Let \(\tau:=T-t\downarrow 0\). Short-maturity asymptotics describe how prices concentrate near the current state.

Diffusive scaling¶

Typical diffusion increments are \(\mathcal{O}(\sqrt{\tau})\), so near-the-money regions dominate short-time pricing.

Black–Scholes log return¶

\[ \log\frac{S_T}{S_t} = \left(r-\frac{1}{2}\sigma^2\right)\tau+\sigma\sqrt{\tau}\,Z, \qquad Z\sim\mathcal{N}(0,1). \]

ATM call price asymptotics¶

For an at-the-money call (\(S = K\)), as \(\tau \to 0\):

\[ \boxed{C_{\text{ATM}} = S\sigma\sqrt{\frac{\tau}{2\pi}} + \mathcal{O}(\tau)} \]

Derivation. At the money, \(d_1 = \frac{(r + \frac12\sigma^2)\tau}{\sigma\sqrt{\tau}} = \mathcal{O}(\sqrt{\tau})\), so:

\[ N(d_1) = \frac{1}{2} + \frac{d_1}{\sqrt{2\pi}} + \mathcal{O}(d_1^3) = \frac{1}{2} + \mathcal{O}(\sqrt{\tau}) \]

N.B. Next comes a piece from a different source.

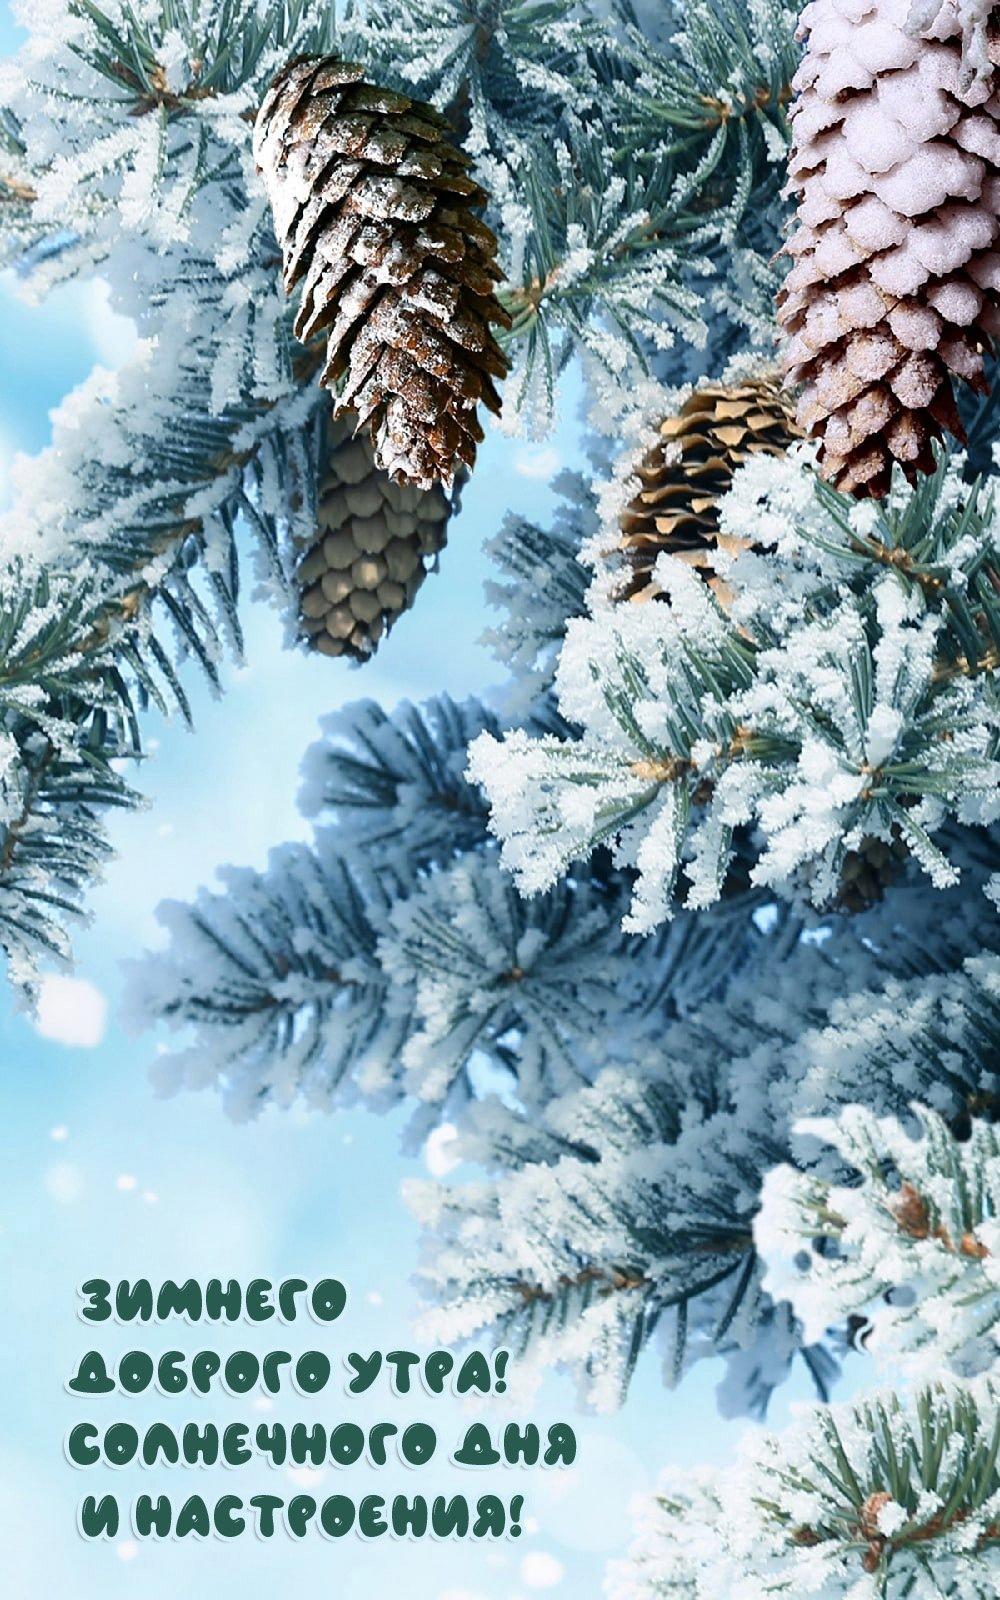 Зима пришла открытка - Праздники сегодня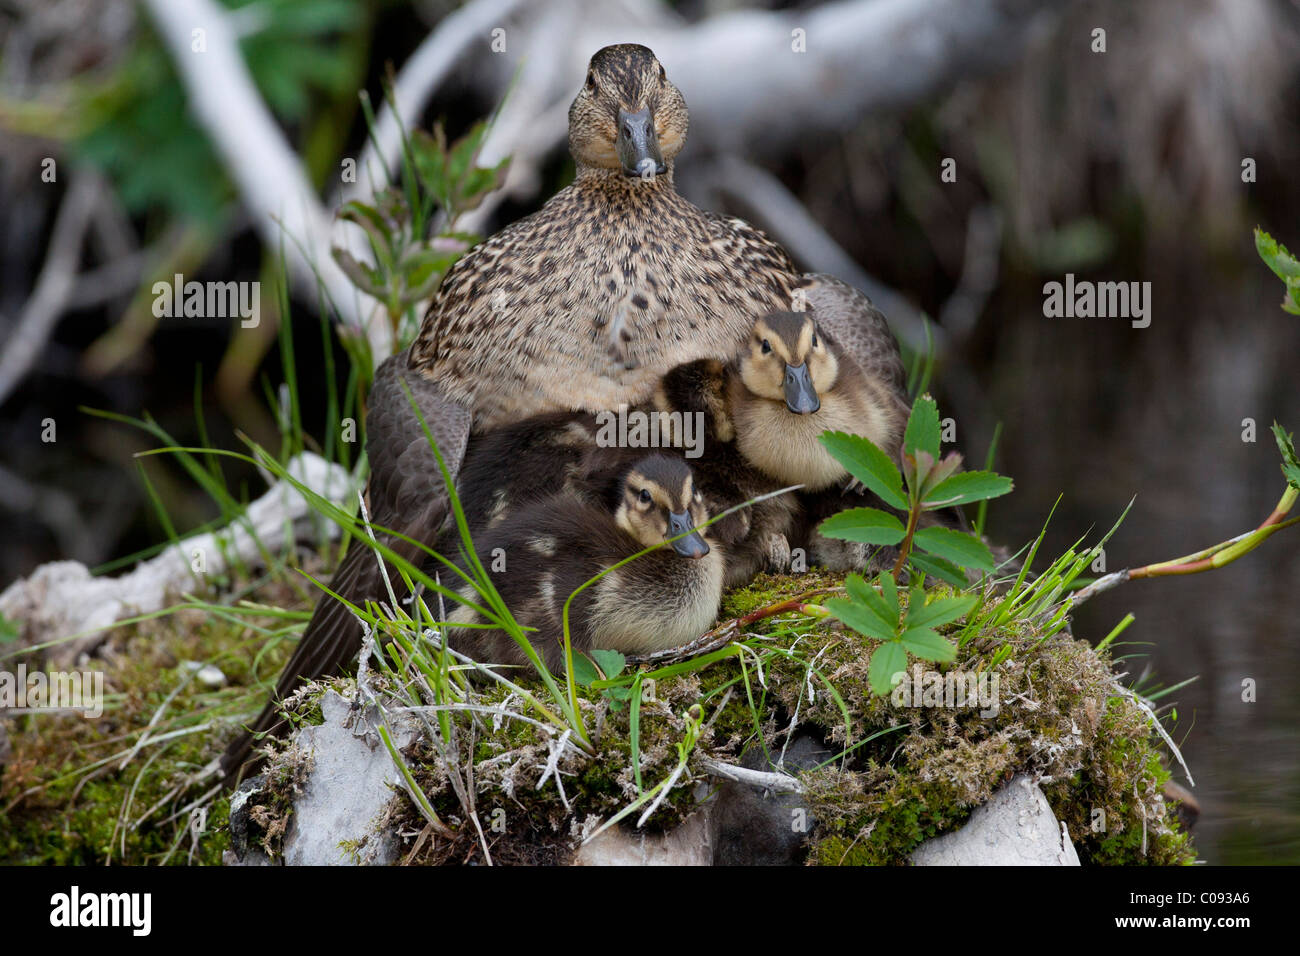 Eine grüne – Winged Teal-Henne und ihre Kupplung von Entenküken sitzen auf einem Baumstumpf Rasen bedeckt in einem kleinen Teich Anchorage, Alaska Yunan Stockfoto

\[ N(d_2) = \frac{1}{2} - \frac{\sigma\sqrt{\tau}}{\sqrt{2\pi}} + \mathcal{O}(\tau) \]

Thus: [ C = SN(d_1) - Ke^{-r\tau}N(d_2) \approx \frac{S - K}{2} + S \cdot \frac{\sigma\sqrt{\tau}}{\sqrt{2\pi}} ]

For \(S = K\): \(C_{\text{ATM}} \approx \frac{S\sigma\sqrt{\tau}}{\sqrt{2\pi}}\).

Near-ATM expansion¶

For small log-moneyness \(x = \ln(S/K)\) with \(|x| = \mathcal{O}(\sqrt{\tau})\):

\[ C(S,K,\tau) = S\sigma\sqrt{\frac{\tau}{2\pi}} + \frac{x}{2}S + \mathcal{O}(\tau) \]

The leading order depends only on \(\sigma\) and \(\tau\), not on \(r\).

Far OTM is exponentially small¶

For strikes far from \(S\), short-time prices scale like

\[ V(t,S;K)\approx \exp\!\left(-\frac{I(S,K)}{\tau}\right) \cdot (\text{polynomial prefactor}), \]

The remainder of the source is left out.